Кн. 3, ч. 2, глава 7

Елена Куличок
Можно ли было назвать эту отдельно взятую семью счастливой? После всего, что случилось с ними? Этот вопрос задавал себе Фернандес, задавала Марта, Бет, задавали доктор Штоф, Пазильо, Алеся – и все прочие, окружающие их. Только Виктор и Елена ни о чём себя не спрашивали, ибо просто были счастливы вдвоем. Да, представьте себе, после всего, что случилось!

Это был апогей, взлёт, пик счастья. А счастье не бывает вечным, и с высоты так больно падать, можно разбиться вдребезги на самом дне, можно переломаться и потом молить о небытии от невыносимой боли, можно просто вмиг распроститься с жизнью от страха.

Пожалуй, эта счастливая полоса слишком затянулась, наверное, следовало ожидать молниеносного броска судьбы-змеи, удара из-за угла, внезапно свалившегося с неба кирпича. Или собственных мерзопакостных тараканов, мастерски мимикрирующих под священных жуков-скарабеев.

Бет продолжала нервничать, с трудом скрывала тревогу. Ей всё сложнее было удерживать зыбкое равновесие – но никто об этом не знал. Вести из штаба поступали порой путаные, порой – просто отчаянные. Она не могла разыскать ни одного напарника или добровольца. Альгис снова замолчал. Может, это раскол?
Ей обещали ещё несколько месяцев передышки – но сколько именно? Указание каждый раз было одно и то же: действовать по усмотрению. А как действовать, если поблизости – ни одного надёжного единомышленника! Кроме безнадёжно влюблённого Буравчика – но это уже из области сатиры и юмора.

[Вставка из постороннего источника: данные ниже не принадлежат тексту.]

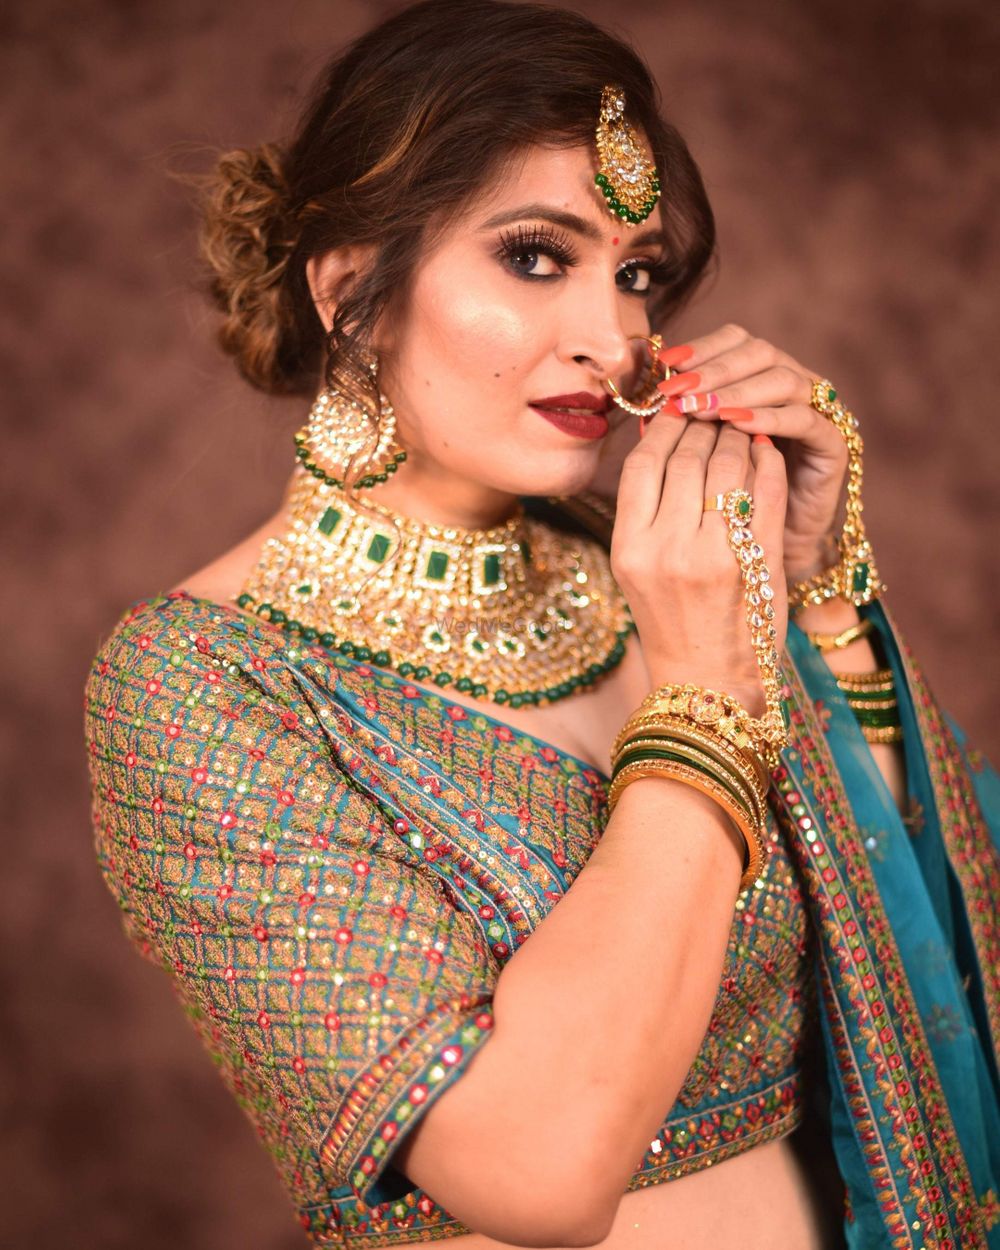 Photo From Mrs. Delhi Shikha Sachdeva ✨ - By Hair & Makeup by Vaishnavi

Марта разрывалась между внуками и мужем. Пазильо вновь и вновь откладывал отъезд в Испанию, не желая её покидать. А Марта боялась оставлять Елену надолго – вдруг опять что случится, непредвиденное, нелепое, ужасное!

А пока всё идёт замечательно. Зять… то есть, Виктор, безумно любит детей, кажется, он даже стал много мягче и добрее. Не зря Марта старалась помирить с ним Елену. А собственно, что ей оставалось делать? Когда выхода нет, надо приспосабливаться к обстоятельствам. Тем более что это ещё не самые худшие обстоятельства.

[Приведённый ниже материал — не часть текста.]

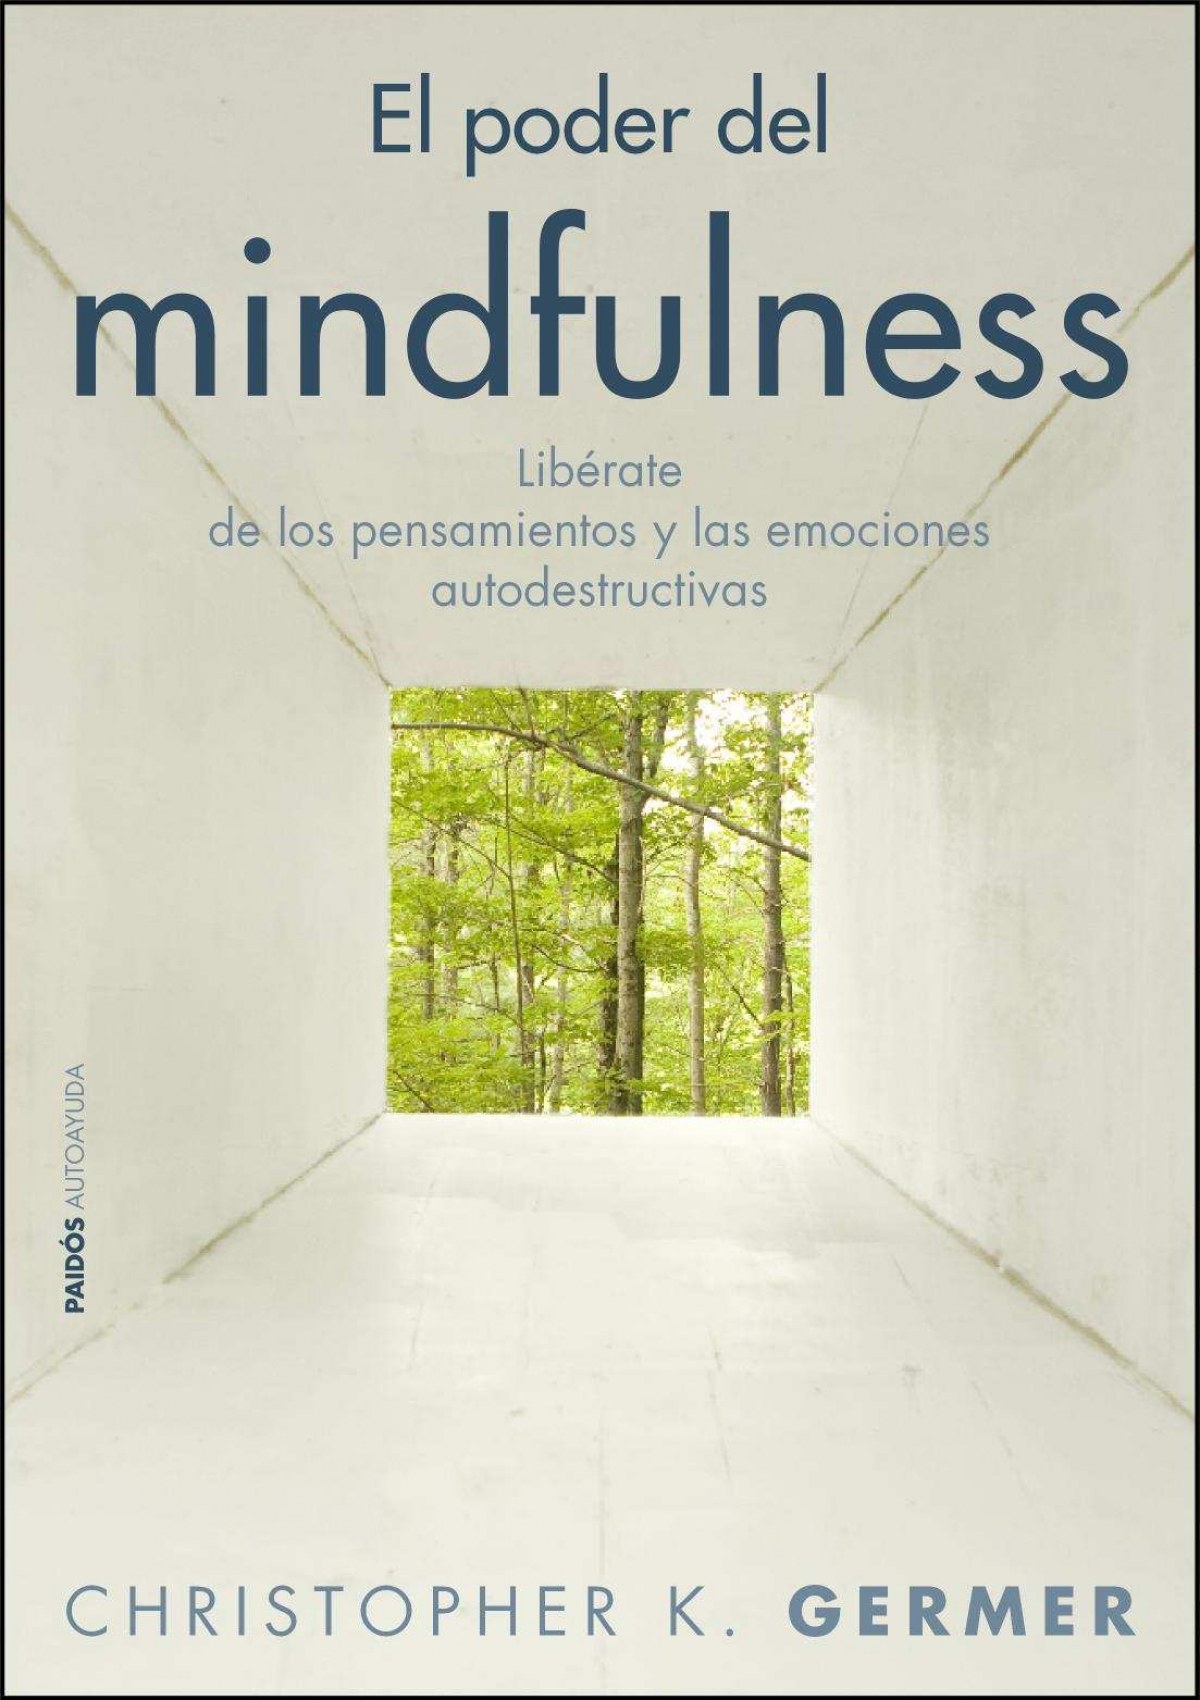 El poder del mindfulness Libérate de los pensamientos y las emociones - Christopher K. Germer

И ещё – Виктор смирился с ненавистной ему зимой. Он устроил горки, сам лично съезжал с них с близнецами под мышками. И грустно, и смешно, и тревожно наблюдать за этой странной картиной. Нелюдим, мрачный, одержимый тип, которого – прости, Господи! – она порою считала просто не совсем здоровым душевно, катает детей, по очереди, всех без исключения, на плечах, или тащит за собою длиннющий «санный поезд».

Или – Марта содрогалась от ужаса! – он сажает их в снегоход, и мчится, разрывая целину! Значит, ему это нужно. А детишки сидят этакими укутанными, неповоротливыми чурбачками – маленькие глупышки, ещё слишком маленькие… Или ведёт с ними разговоры, похожие на лекции. Чувствуется, как Виктору не терпится увидеть их взрослыми, способными понимать его чересчур серьёзные речи. Ничего, всему своё время.

Тяжелее всего приходилось Фернандесу. Спокойная ли тянулась полоса, серьёзные ли проблемы – больше всего хлопот выпадало на его долю. Бухгалтерия, договора, снабжение, распределение обязанностей, вывоз мусора, захоронения, наём рабочих, коммунальное хозяйство… Фернандес в своё время был лаборантом в Толедской лаборатории Мендеса. На него и прежде взваливали самую черновую и неблагодарную работу, далёкую от научной. Но он не роптал. Он боготворил Мендеса, и был единственным, кто предложил свою кровь для экспериментов.

Когда Мендес удалился, Фернандес рьяно отрицал домогательства ученого перед лицом высокого начальства, не покривив душой. Хотя в глубине этой своей чистой души сожалел, что его божество не отвечает ему взаимностью...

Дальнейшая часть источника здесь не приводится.